Esperança em Medicine Hat

 

Em junho de 2021, a cidade de Medicine Hat, em Alberta, tornou-se a primeira do Canadá a conseguir zerar funcionalmente a falta de moradia crônica. A Medicine Hat Community Housing Society (MHCHS) tinha participado de reuniões de estratégia para a campanha 20 Mil Lares em junho de 2015. Em dezembro de 2017, a associação se uniu à Caeh para trabalhar pela eliminação funcional da falta de moradia crônica em Medicine Hat. Após o lançamento da BFZC, as entidades se associaram à nova iniciativa e, juntas, desenvolveram um plano de cinco anos pensado para usar dados em tempo real e a lista de nomes no combate ao problema.
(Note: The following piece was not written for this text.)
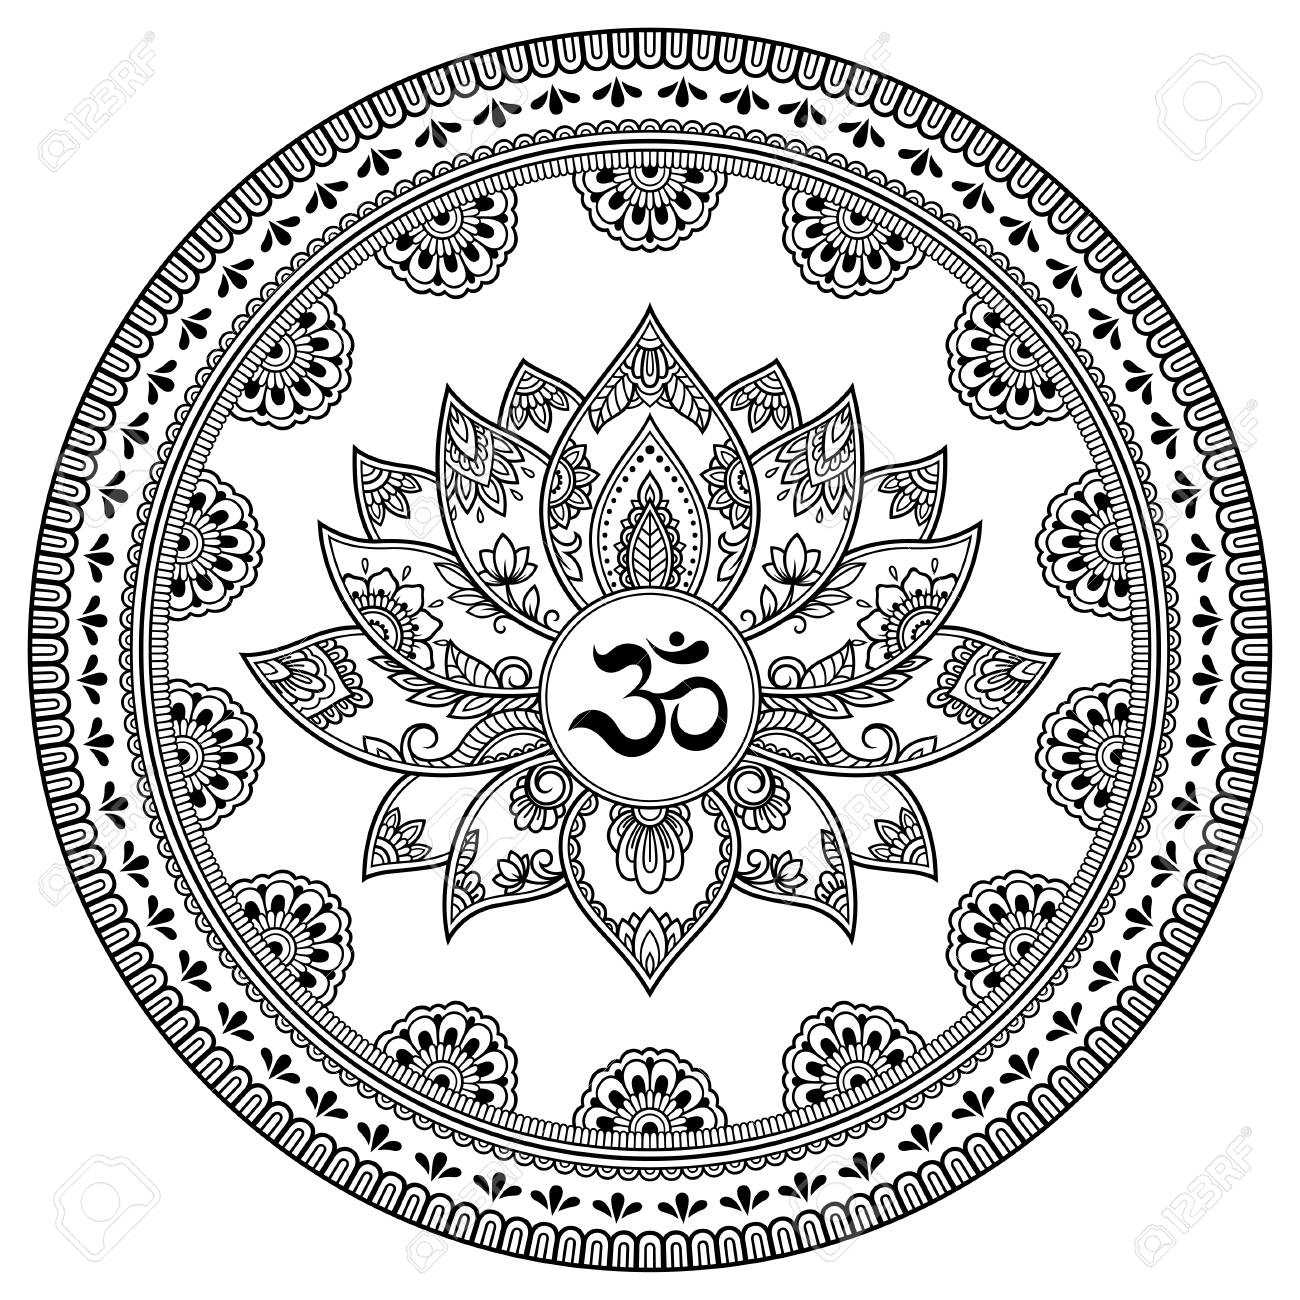 Circular pattern in form of mandala with lotus flower for henna circular pattern in form of mandala with lotus flower for henna mehndi tattoo mightylinksfo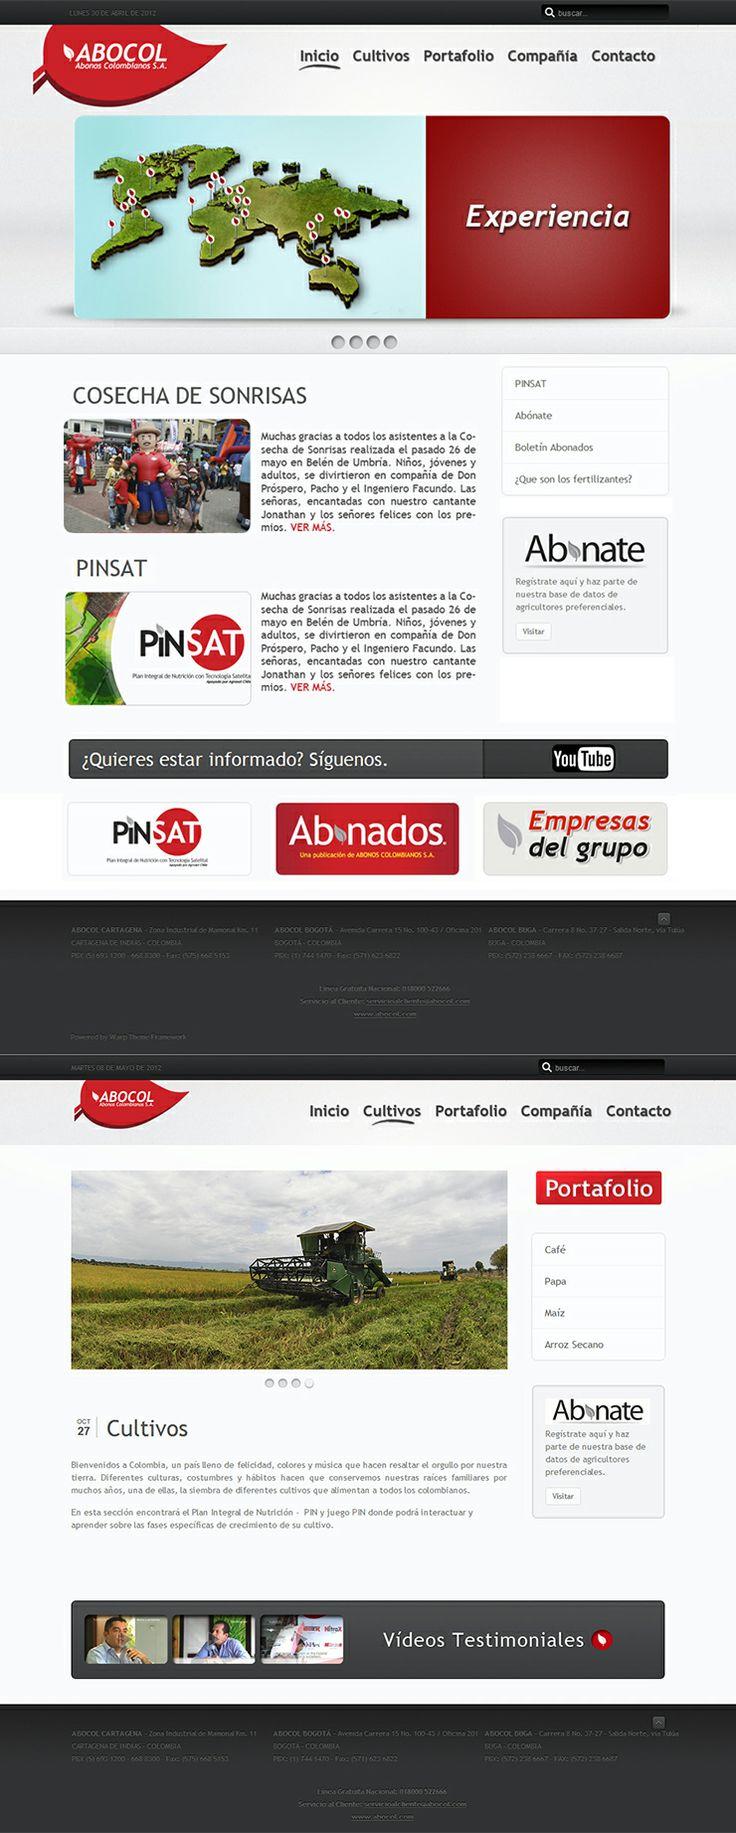 Web Abocol internacional

Para Jaime Rogers, gerente de desenvolvimento de moradia e sem-teto da MHCHS, o que o atraiu para se associar à BFZC foi a valorização da colaboração entre setores. No caso de Medicine Hat, isso significou que as partes interessadas locais – representantes do governo, especialistas em saúde, policiais, trabalhadores de abrigos, líderes comunitários indígenas e pessoas sem moradia – tiveram poder de decisão na hora de estabelecer metas e no plano de ação. Eles priorizaram a necessidade com base na lista de nomes, com moradia fornecida pelo governo, instituições de caridade, organizações sem fins lucrativos e fontes privadas.

“A BFZC tem uma forma estruturada de determinar como fazer coletivamente as comunidades e a BFZC melhores”, explica Rogers. “Com a ajuda da BFZC, conseguimos construir um sistema realmente robusto e expansivo que não só foi capaz de enfrentar a pandemia de covid-19, mas também de zerar funcionalmente a falta de moradia crônica durante a pandemia, em julho de 2021.”
De fato, a cidade de Medicine Hat foi capaz de alcançar a meta nesse período porque permaneceu comprometida com o plano quinquenal de housing first desenvolvido com a BFZC. Há que considerar que, com 63 mil habitantes, a cidade é menor que muitas outras associadas e ter alcançado o zero funcional não significa que todas as pessoas sem-teto conseguiram um lar permanente. “Ainda temos algumas pessoas dormindo ao relento”, observa Rogers. Parte dessas pessoas vive sem nenhuma proteção além de uma barraca ou um abrigo improvisado; “algumas lidam com seu vício em opioides, enquanto outras enfrentam problemas de saúde mental não tratados”, diz ele.

Ainda assim, Medicine Hat foi uma exceção no período. Durante a pandemia, o movimento da BFZC perdeu terreno significativo porque as comunidades associadas tiveram de mudar seu foco para responder à crise sanitária. Recursos previstos para abrigar pessoas sem moradia foram destinados a cuidar de sua saúde. Da mesma forma, as agências que atendem aos sem-teto foram de súbito adaptadas para agências sanitárias, assumindo responsabilidades que o sistema público canadense não foi capaz de fornecer. A consequência foi palpável: em uma amostra de 13 comunidades da BFZC, a falta de moradia crônica aumentou 50% de fevereiro de 2020 a fevereiro de 2023.

O sucesso da BFZC em Medicine Hat atraiu a atenção da mídia, impulsionando seus esforços de recrutamento em todo o país, o que, por sua vez, aumentou as apostas do movimento. “Nosso objetivo é ter, em três anos, 80 cidades na BFZC e zerar funcionalmente a falta de moradia crônica em 15”, diz Richter.

Para isso, a BFZC aposta em conscientização e, mais criticamente, em convencer a opinião pública e líderes comunitários de que a falta de moradia é uma emergência nacional e que combatê-la é possível. Embora Richter reconheça que a falta de moradia é um problema dinâmico, a BFZC permanece comprometida em tornar a falta de moradia rara, breve e não recorrente.

O AUTOR

Leif Gregersen é escritor, professor e palestrante que trabalha principalmente na área da saúde mental.